Narrative Medicine Monday: Jamaica Kincaid’s “Girl” and the Challenge of Growing Up in Medical Training

I first read Jamaica Kincaid’s “Girl” as part of a generative writing workshop during a summer writing residency. Our small group gathered folding chairs around long tables set up in an old barn near the Stillaguamish River in rural Washington. I was taken with each of the readings poets Jane Wong and Claudia Castro Luna had us read, but “Girl” struck me most, with its unusual punctuation, jarring directness, and call to re-examine the lessons we receive.

Emergency physician and writer Dr. Naomi Rosenberg explains in a recent JAMA article how Jamaica Kincaid’s “Girl” resonates in a very different environment–with new physicians in a narrative medicine workshop.
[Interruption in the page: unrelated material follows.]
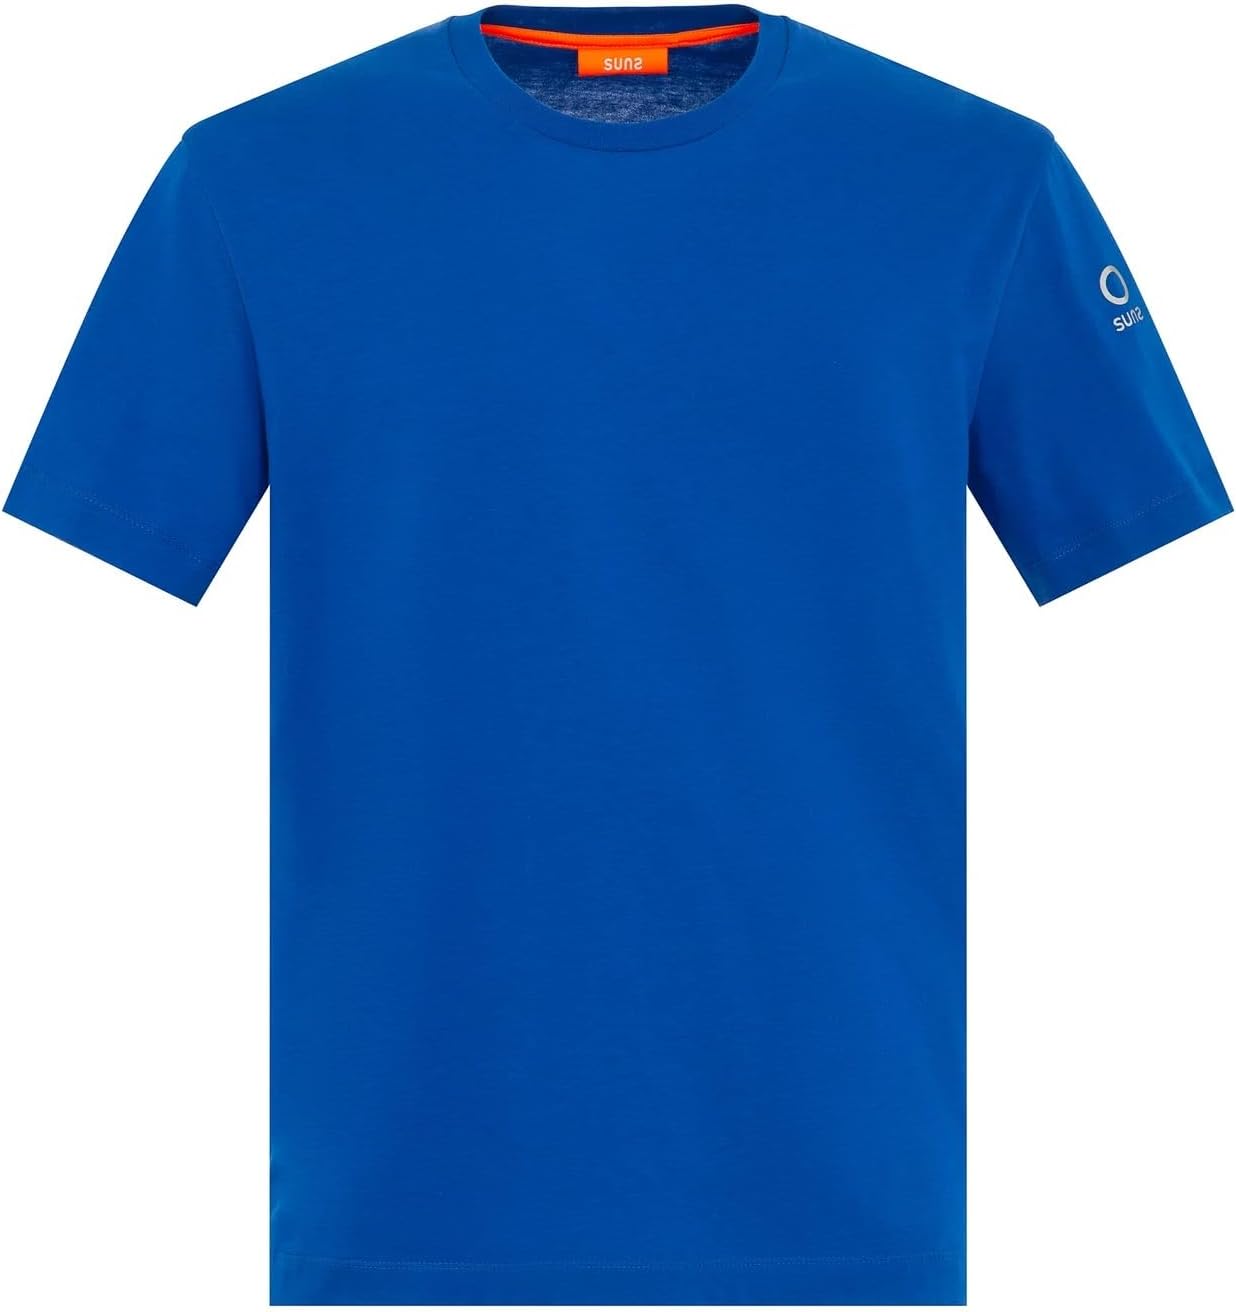 SUNS T-shirt Uomo - Blu modello TSS41005U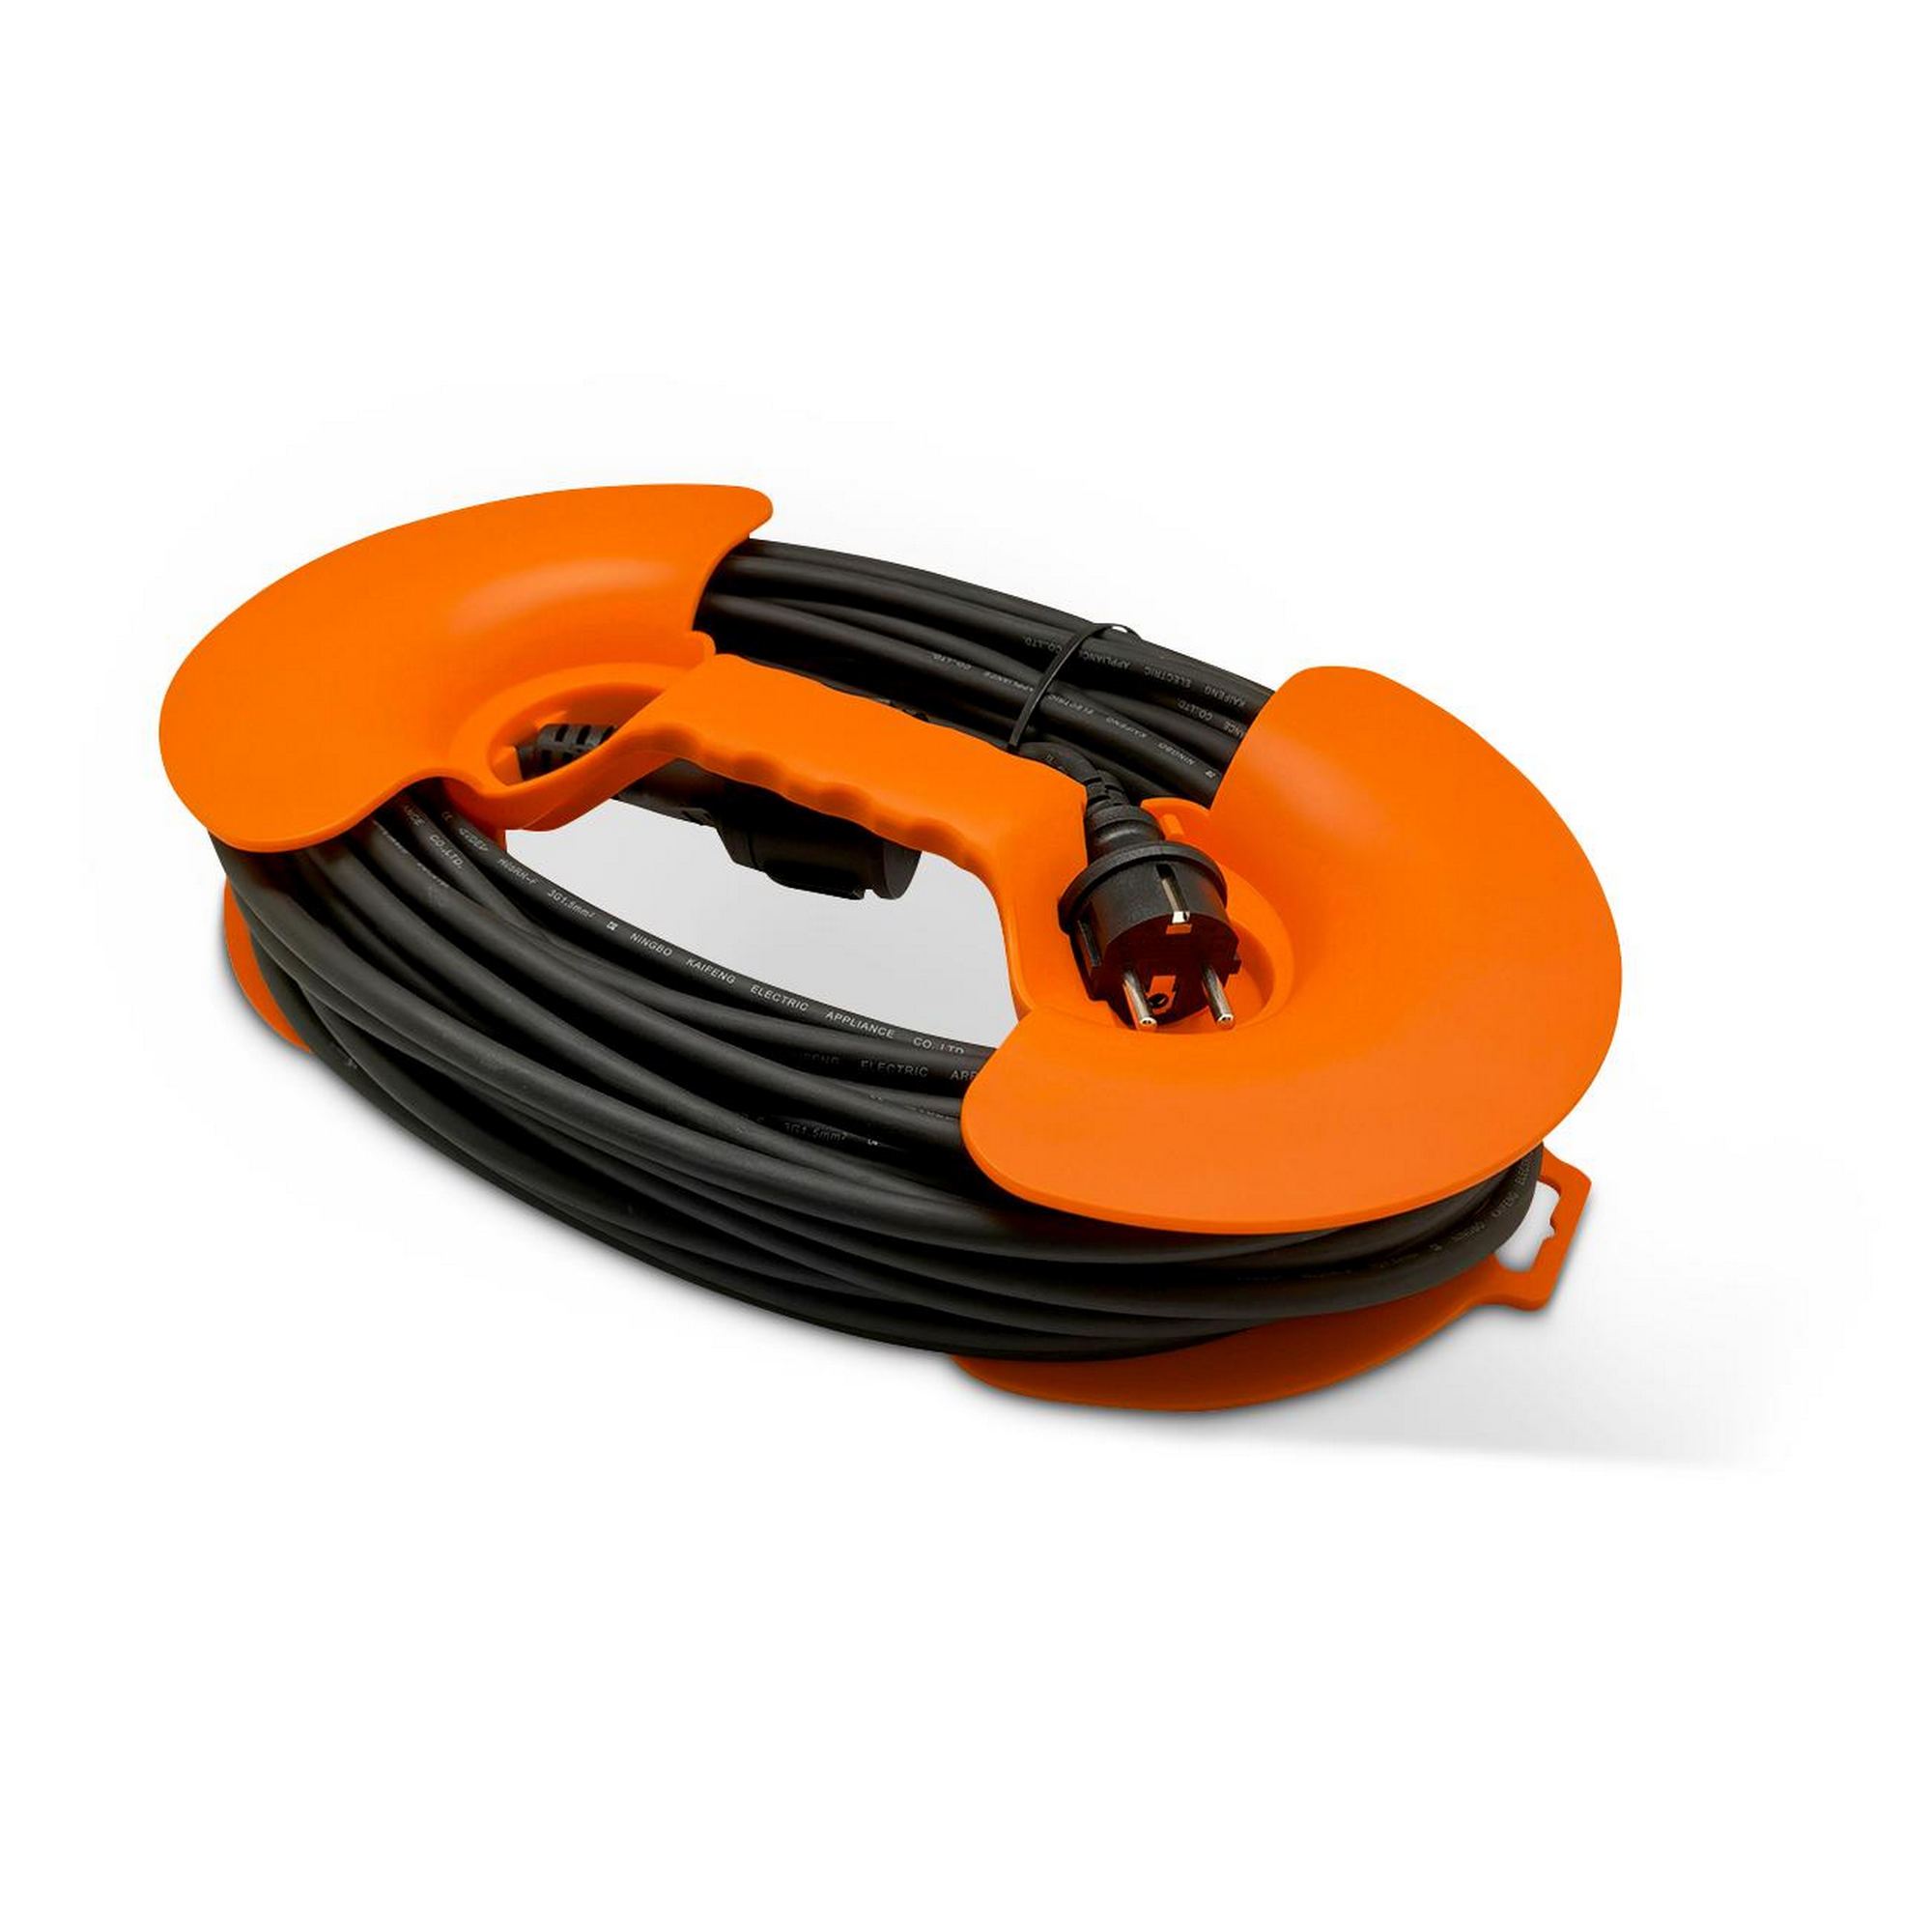 Verlängerungskabel 'H05RR-F' schwarz/orange 25 m + product picture

Rosenberg comments on the unexpected “striking similarity” these physicians have to Kincaid’s young girl, joining “a system that demands they quickly learn the skills of their craft, the rules of survival, and the values they will fight for all while navigating their instinctive psychological responses to illness, injury, healing, injustice, and grief.”

Rosenberg and the “burgeoning narrative medicine department” at her urban hospital have used “Girl” in the residency didactic curriculum, medical school electives, and writing workshops for all health care system employees with a goal to “constantly explore ways to help physicians, nurses, staff, and students ‘develop attention.'”

She describes how when they ask the residents to read “Girl,” intially they are met with resistance. How could this lyrical prose about coming of age in an island culture relate to healthcare professionals who “treat gunshot and stab wounds, deliver babies, diagnose cancer, unclog dying hearts for a living?” And yet, the new physicians quickly make the connection: “‘It reminds me of residency,’ one obstetrics-gynecology resident tells us, ‘a million instructions and things to do. It’s all over the place, and rapid fire.'”

At the end of the session a simple writing prompt is given, “metabolizing their own experiences and taking a moment to string words together—something young physicians today rarely, if ever, get a chance to do.” The result is surprising: “an exploration of hierarchy, medical education, and the silent curriculum of growing up.”

I wrote about my own experience at Columbia’s Narrative Medicine workshop, where we did a similar exercise and I again encountered Kincaid’s “Girl.” I love Rosenberg’s use of this piece to help new physicians still finishing their training grapple with the accelerated nature of a medical residency, the growth and expectations that come with modern medicine. It also was interesting to learn that Rosenberg herself used “Girl” as inspiration for her own wrenching New York Times essay, “How to Tell a Mother Her Child Is Dead” which I wrote about here and is one of my own favorite pieces to use for reflection and discussion among healthcare professionals.

As Rosenberg recognizes, literature has a way of “again and again, deepen[ing] our inspection and understanding of the internal and external worlds.”

Writing Prompt: Take a cue from Rosenberg’s exercise and respond to “Girl” by writing instructions on how to be a healthcare professional (nurse, physician, pharmacist, etc.) Alternatively, write instructions on how to be a patient, or a patient’s parent or partner or child. Write for 10 minutes.